Lacey Mason, wtop.com
WASHINGTON - Usually, siblings meet each other on a birthday.
A baby is born and a big sister or brother is there to greet her. Some photos are taken, and while the new siblings may not be old enough to remember the specific event, it doesn't matter. Because by the time they're old enough, they can't remember a time without each other anyway.
But that's not always how it goes.
Sometimes, they meet at baggage claim at the Phoenix Sky Harbor International Airport.
Context would probably be helpful.
I grew up an only child to a single mother -- she never had any other children and that was fine by me. Though young, I vividly remember conversations about potential siblings with my mother. Mostly due to my fear of sharing.

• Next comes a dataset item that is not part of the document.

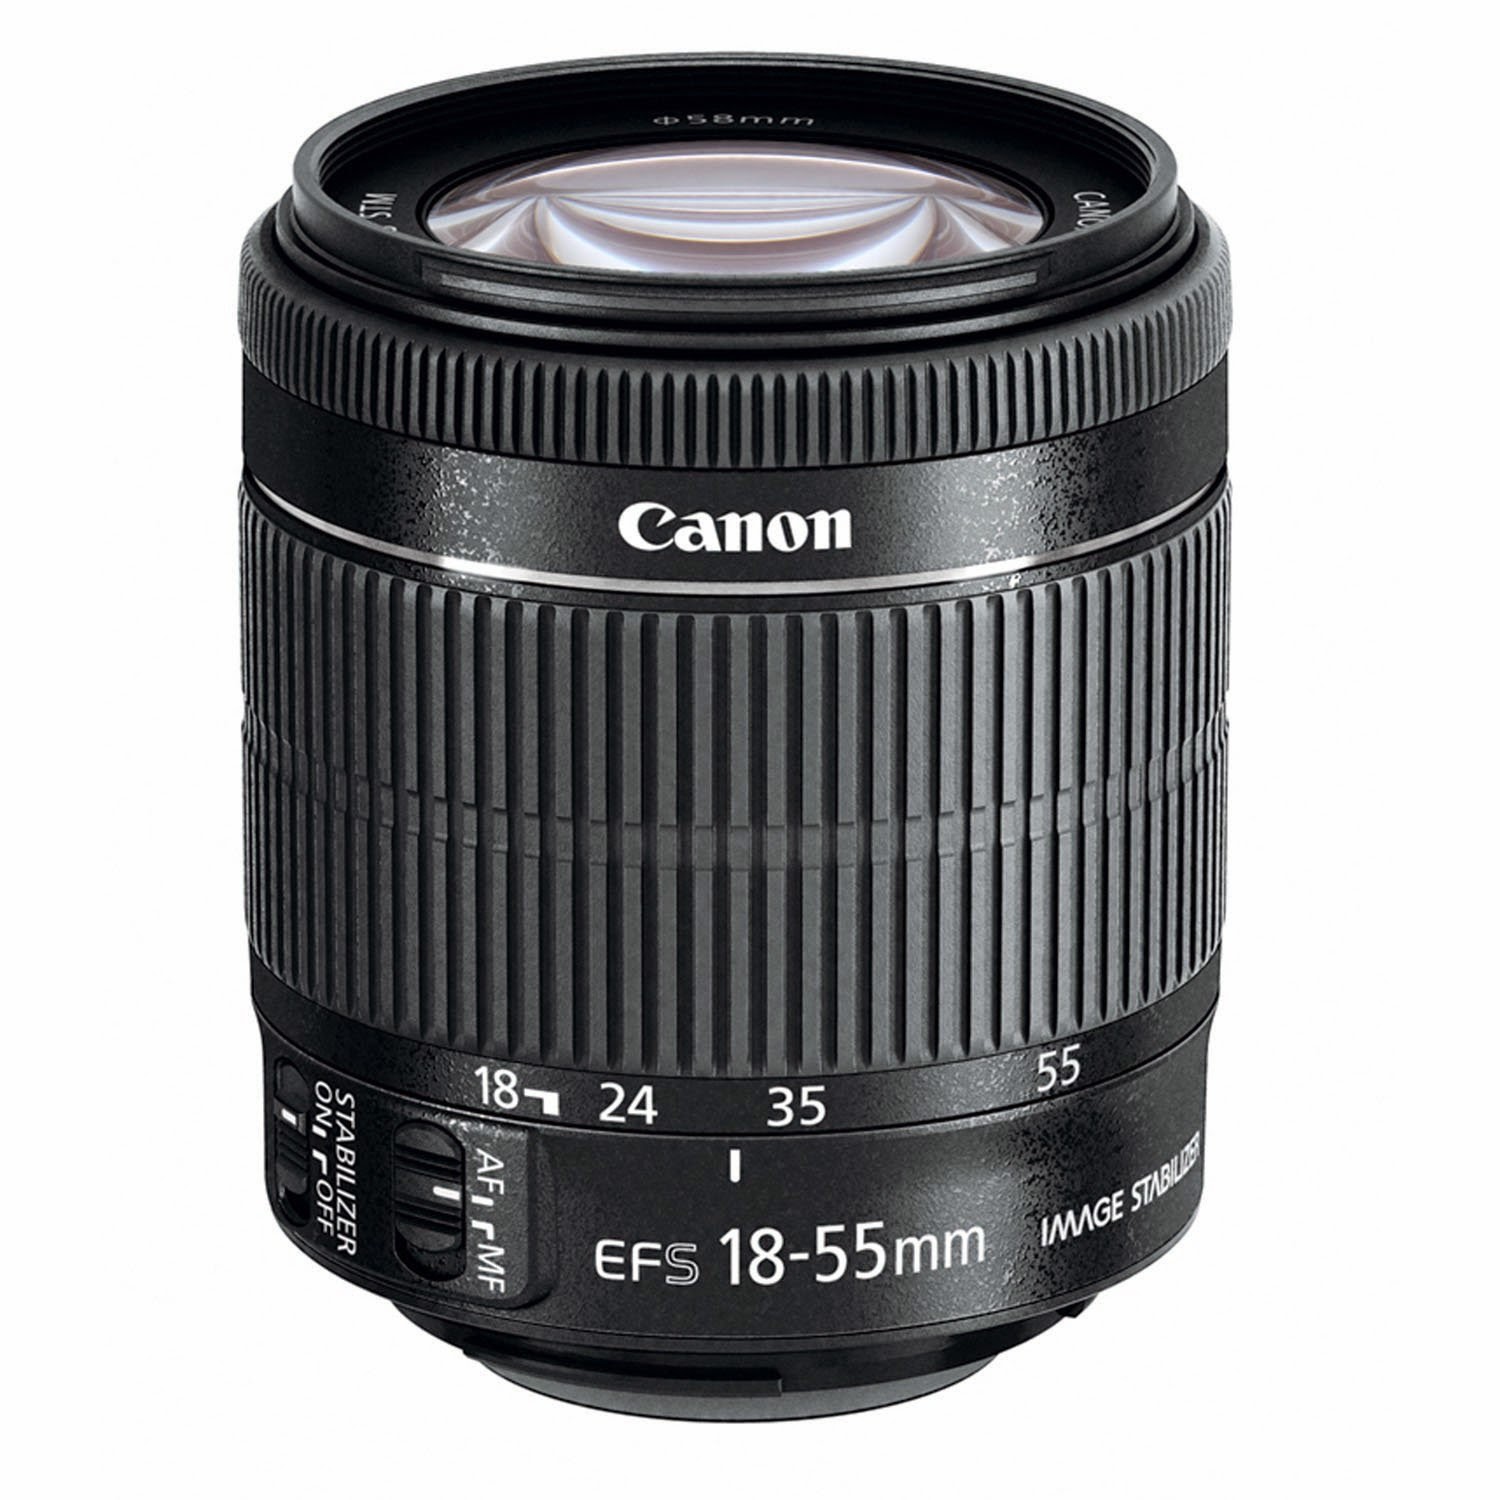 Canon 28-55mm EF-S IS STM Lens, review, compatible with Canon EOS Rebel T5i  DSLR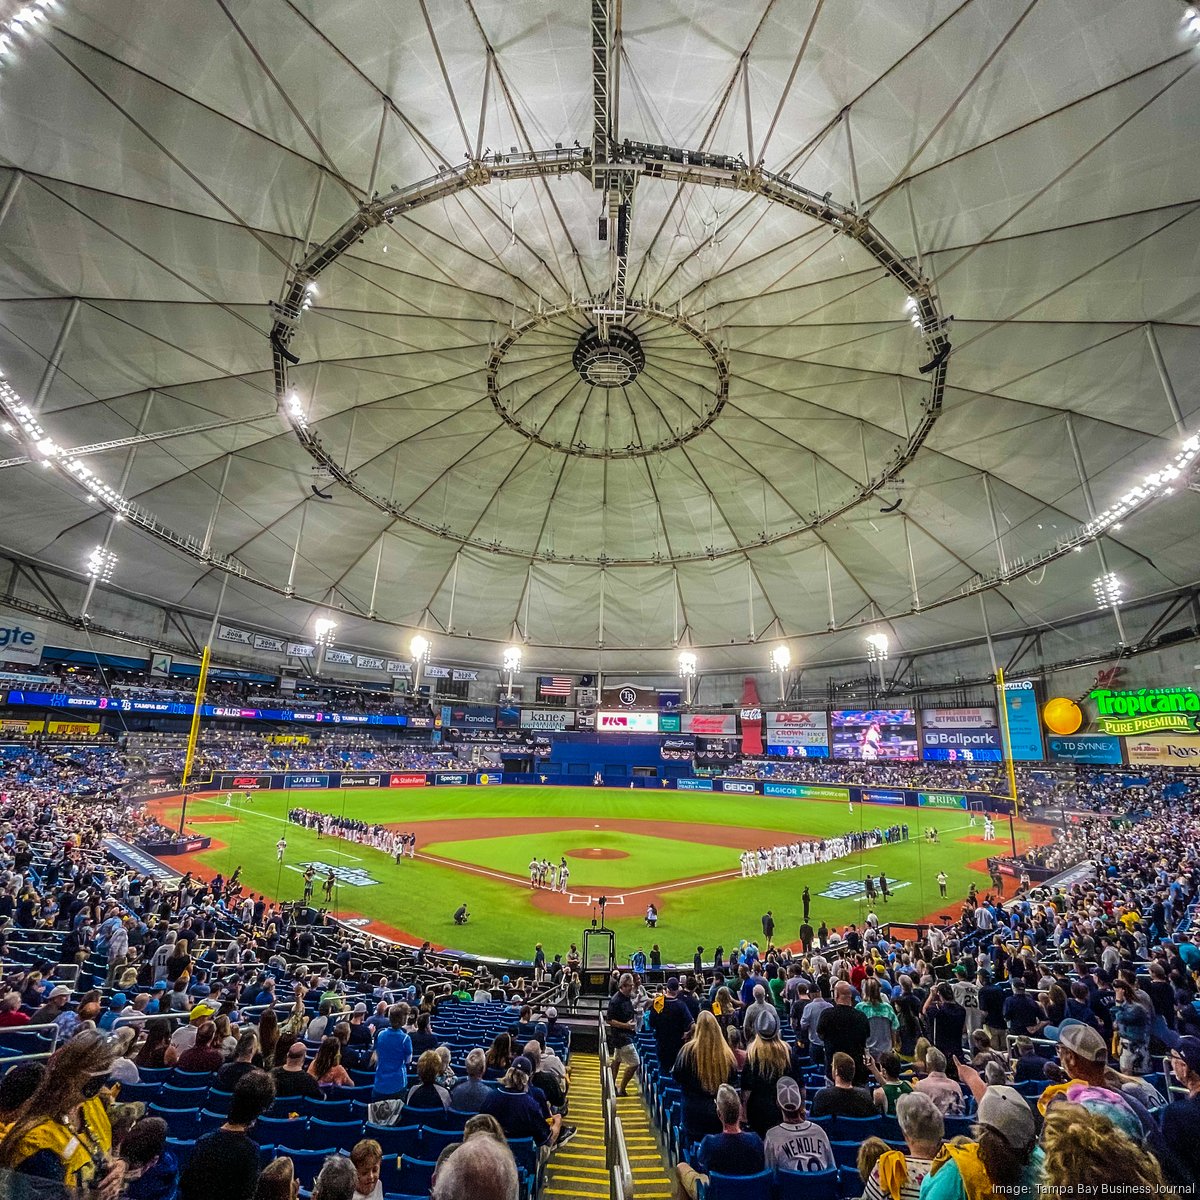 The Montreal perspective on the Rays' split-season proposal

"Mom, if you have another baby, will you love it more than me?" I'd ask.
"No, I'll love you the same," she replied.
When I asked that loaded question the answer I expected was "I will love you more."
She got it wrong. But, luckily, she didn't push her child-bearing luck and my fear of sharing was never realized.
But what I didn't know then was that I was actually the youngest of four -- and in a few years I'd be the second youngest of five.
As I grew up, I naturally asked questions about my father. Through my mother's vague, protective answers I knew he might have other spawn and easily accepted it. My mother did a masterful job of making the whole situation seem uninteresting.
But nobody anticipated one of those half-sibling spawns would come looking for me.
Fast forward to age 21. Without a (profound) care in the world, my life got shaken up when I received a message on Myspace (it was still cool then, give me a break).
"...I am your sister and would love to talk and get to know you (if you want). Please let me know if it is not you though so that I can keep looking for my sister. Thanks!"
Up until that point, and few times since, I'd only been rendered speechless once - and that was when Scar killed Mufasa.
Growing up without a father or siblings means your reality simply doesn't include them. It isn't traumatic. But this sudden message from a stranger challenged both realities. It meant it was time to face where I came from and who I was.
Strangely, it also meant facing who I might have been.
Cassi is her name. Two years older than me she and her then husband moved from Nebraska to Arizona for warmer weather. They built an adobe-looking house in Maricopa and were working on finding their way.
The shock didn't end there. While I always had a hazy understanding there was a brother and sister out there, I didn't know I actually had three sisters and a brother.
The youngest was named *Jade -- which had almost been my name.
Figuring out where our relationship was going didn't take long. After a few exchanges she surprised me: She wanted to fly me out to Arizona.
Maybe it was weird to accept the offer from a relative stranger (no pun intended), but I didn't hesitate. So, about a year after that first message, I found myself in a Phoenix airport, searching for the girl in a picture.
And there she was. Unlike me, she had a cute little nose and flat eyelids. We both had dark hair, but our looks didn't share much else. Her husband was with her, but I couldn't help but look her over and hang on her every word, this girl who had blood like mine.
"I thought your hair would be curly," she said, remembering the pictures she'd seen of me.
"I straightened it," I replied, wondering if I'd already disappointed her but grateful for an easy conversation when we both knew words weren't possibly enough.
The three day visit was a blur. She wasn't feeling well when I came, but she didn't let it stop us. There was dinner at the Rainforest Cafe, drinking and the Montezuma Castle National Monument. Lots of questions were asked though there weren't as many answers. I found out I had my brother's chin (though I'd have preferred hers) and she'd named her childhood doll "Baby Lacey." She told me how excited and interested her mother was that we were finally meeting.